Hello all, I have an older toshiba laptop I want to wipe and install dos 6.22 on and then win 3.11 specifically for older games etc.... such as Phantasmagorea, I have the dos and windows files but on a cd no disk 1,2 etc... Is there an easy way to install these from a cd or how would I be able to?Im thinking maybe a dos boot cd with cdrom support, copy all of the dos files onto C:\ then type install/setup??? would this work? The laptop currently has win98 on it, but there are all kinds of problems trying to install and run older games.... and a dosbox just isnt the same....


----------



## leroys1000 (Aug 16, 2007)

Have you tried running windows 98 in DOS mode?
1. Click Start
2. Click Shutdown
3. Choose the option to restart the computer into a MS-DOS prompt.
If you are unable to get into Windows 95 or Windows 98 to get into a MS-DOS prompt, follow the below instructions (Windows ME does not have this option).
1. Reboot the computer
2. As the computer is booting, press the F8 key when you hear a beep or when you see "Starting Windows 95" or "Starting Windows 98." Windows 98 users sometimes may find it easier to press and hold the left CTRL key as the computer is booting.
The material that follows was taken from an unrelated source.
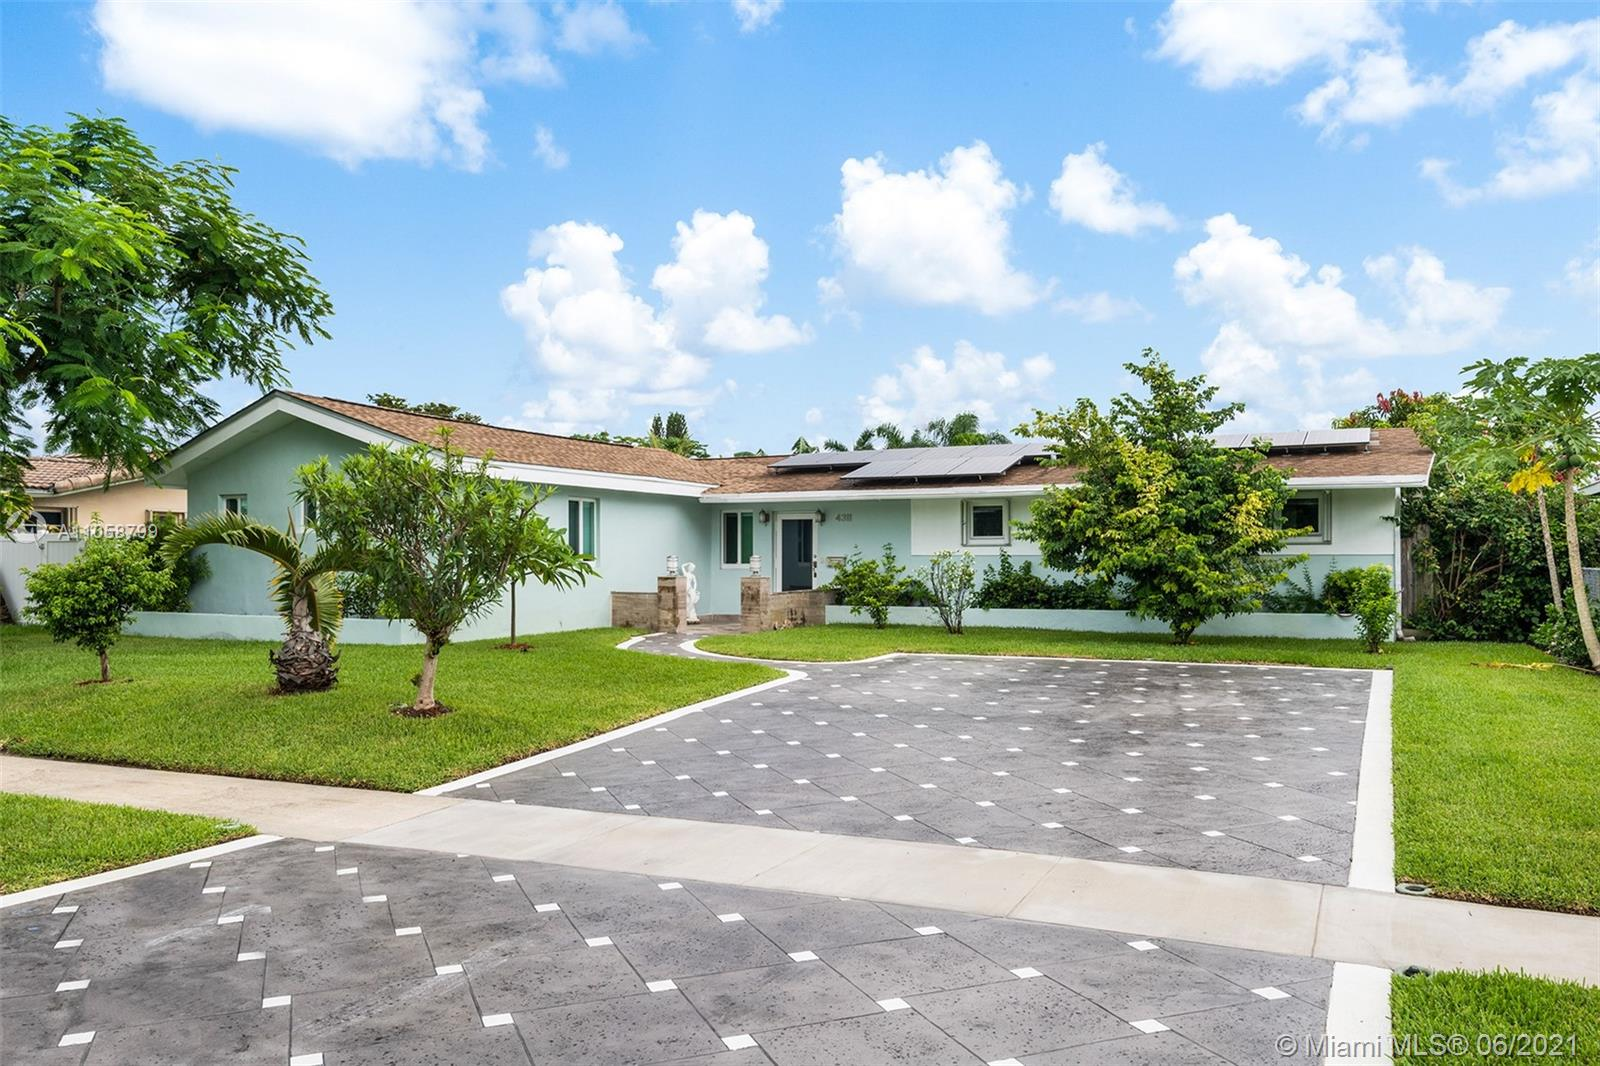 Hollywood Hills - 4311 Hayes St, Hollywood, FL 33021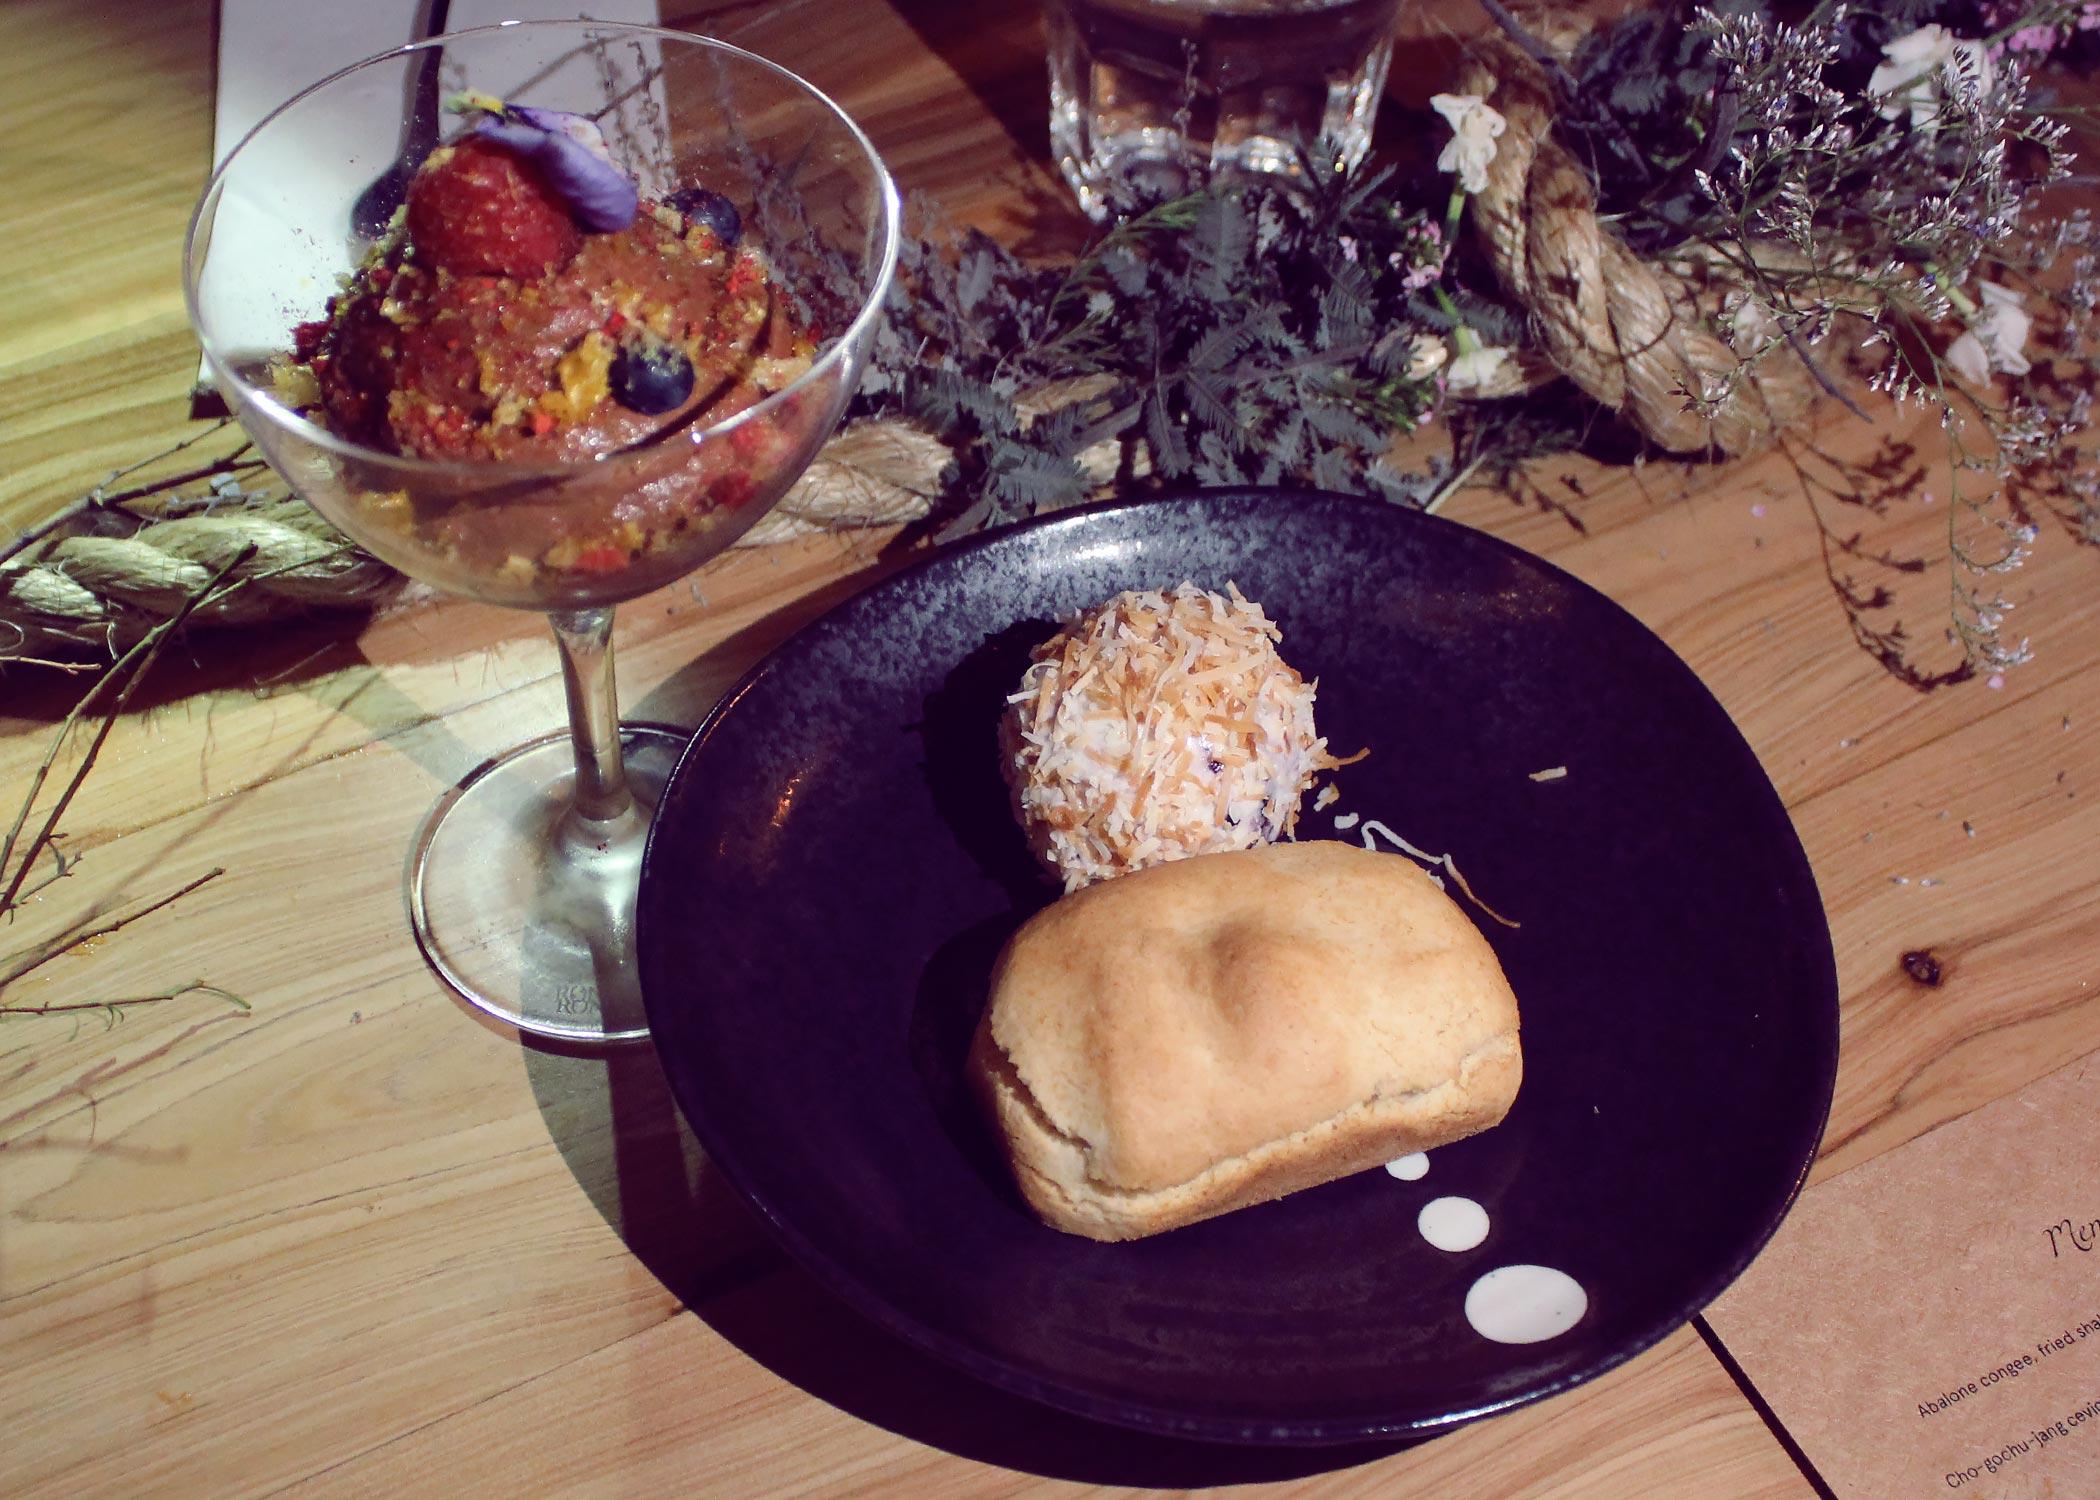 Valhrona chocolate mousse, fresh & freeze dried raspberries + Taiwanese pineapple cake, yuzu granita.

You will need to have dos mode drivers loaded for CDROM and sound if you are going to use those.


----------



## chazzm (May 6, 2011)

You know I should have thought of that! I will give her a try and post results!h thank you for your reply! much appreciated


----------



## Elvandil (Aug 1, 2003)

There's also DOSBox, 4NT (which I use in 7), DOSEMU, or some other emulator.

Also: How to Run an Older Program in Windows XP and Vista


----------



## Alex Ethridge (Apr 10, 2000)

To answer the question, yes, you can install DOS 6 from a bootable CD. The CD has to be DOS 6 bootable, of course. Copy all of the DOS 6 installation floppies to a folder on your hard disk. Do the same with the Win311 files to another folder. Burn those folders to a DOS 6 bootable CD. From the DOS prompt, log to the respective folders to run the setups.

If you have a floppy drive in the intended system, you don't even have to make a bootable CD. Just boot with a bootable floppy, copy all of the DOS 6 installation floppies to a folder on the hard disk. If you encounter a message warning you that a file is about to be overwritten, allow it to Overwrite All as it is simply the same file on another disk and you need only one copy in the installation folder. Log to that folder and run the setup. Repeat the process for Windows 3.11.

Back in the days of DOS, I used to keep those folders on my hard disk because it made the installations of Windows or DOS complete in seconds.


----------